Tennessee Just Executed the Third Person by Electric Chair in Less Than a Year

State News

Tennessee executed Stephen Michael West on Thursday night, making him the third person executed by electric chair in the state since November. The Tennessee Department of Correction announced the 56 year old’s death time as 7:27 p.m. CST.

West is the fifth person put to death by the state since August 2018; two other people were put to death in Tennessee by lethal injection in the same time period.

West was sentenced to death after being found guilty in of the deaths of 51-year-old Wanda Romines and her 15-year-old daughter, Sheila Romines, in 1986, as well as the rape of the teenager, according to the Associated Press. West’s lawyers say West did rape the younger Romines, but the pair was stabbed by West’s accomplice, Ronnie Martin, the Tennessean reported earlier this month.

Martin was a minor at the time of the crimes, pled guilty to two counts of first-degree murder, and is serving a life sentence with parole eligibility in 2030, according to the newspaper. Martin was 17 at the time of the crime, while West was 23, the Associated Press reported.

West’s lawyers pleaded to Tennessee Gov. Bill Lee for clemency in July. The petition posited that West was not in a position “to deal with the terrible situation he found himself in.” The clemency petition argued that childhood abuse aggravated West’s severe mental illness. “An important question is, if Steve did not intend for either victim to be killed, how could he just stand by and watch while Martin did? The answer to this question lies in Steve’s own tragic background,” the petition stated, according to the Tennessean.

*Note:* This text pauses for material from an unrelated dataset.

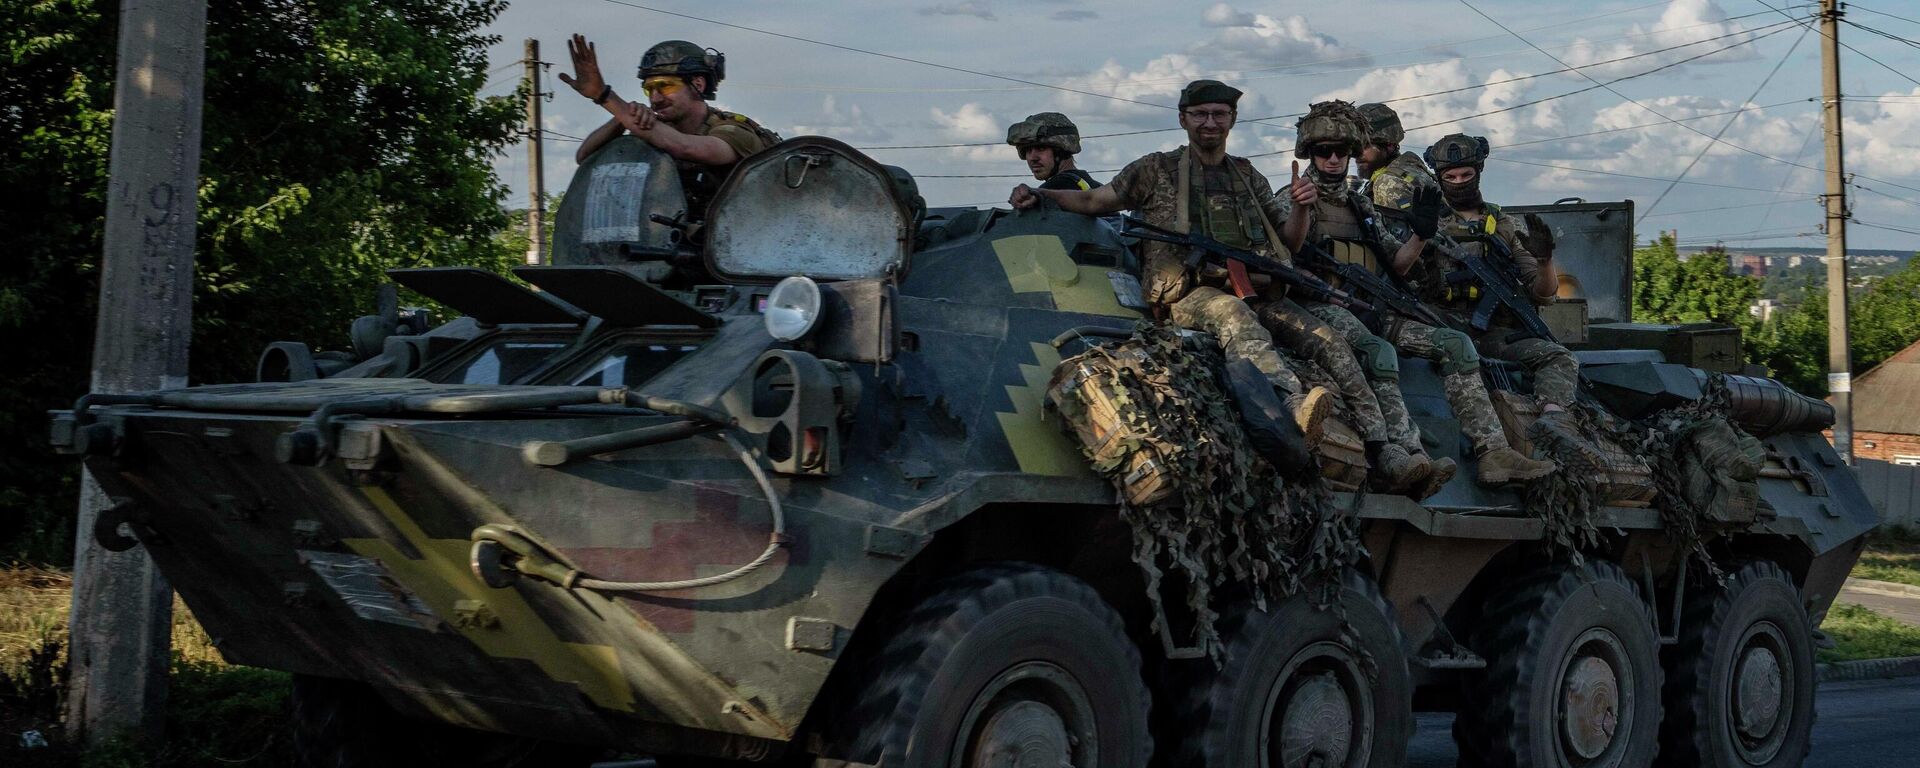 Soldados ucranianos montam um tanque, em uma estrada na região de Donetsk, leste da Ucrânia, 20 de julho de 2022 - Sputnik Brasil, 1920, 14.12.2022
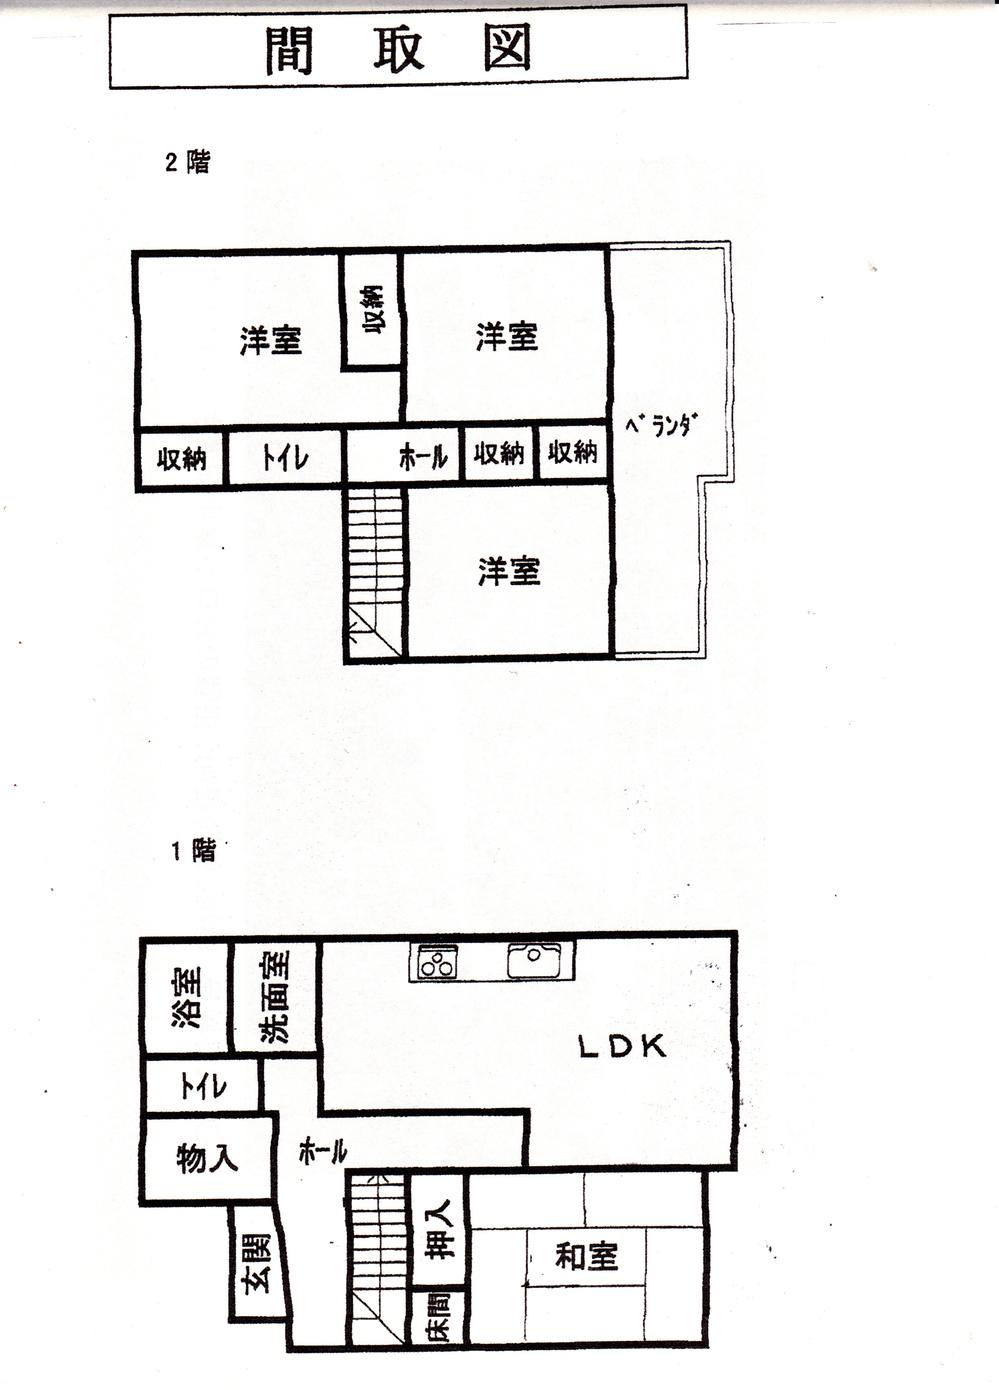 Floor plan. 9.8 million yen, 4LDK + S (storeroom), Land area 169.1 sq m , Building area 89.22 sq m 4LDK + S

The Tennessean reported that West began to cry as he said the final words from the electric chair: “In the beginning, God created man. And Jesus wept. That’s all.”

West chose to have his death executed via electrocution in place of lethal injection, the newspaper reported. West and the three other people who chose electrocution over lethal injection “had participated in lawsuits challenging Tennessee’s lethal injection protocol,” according to the Tennessean.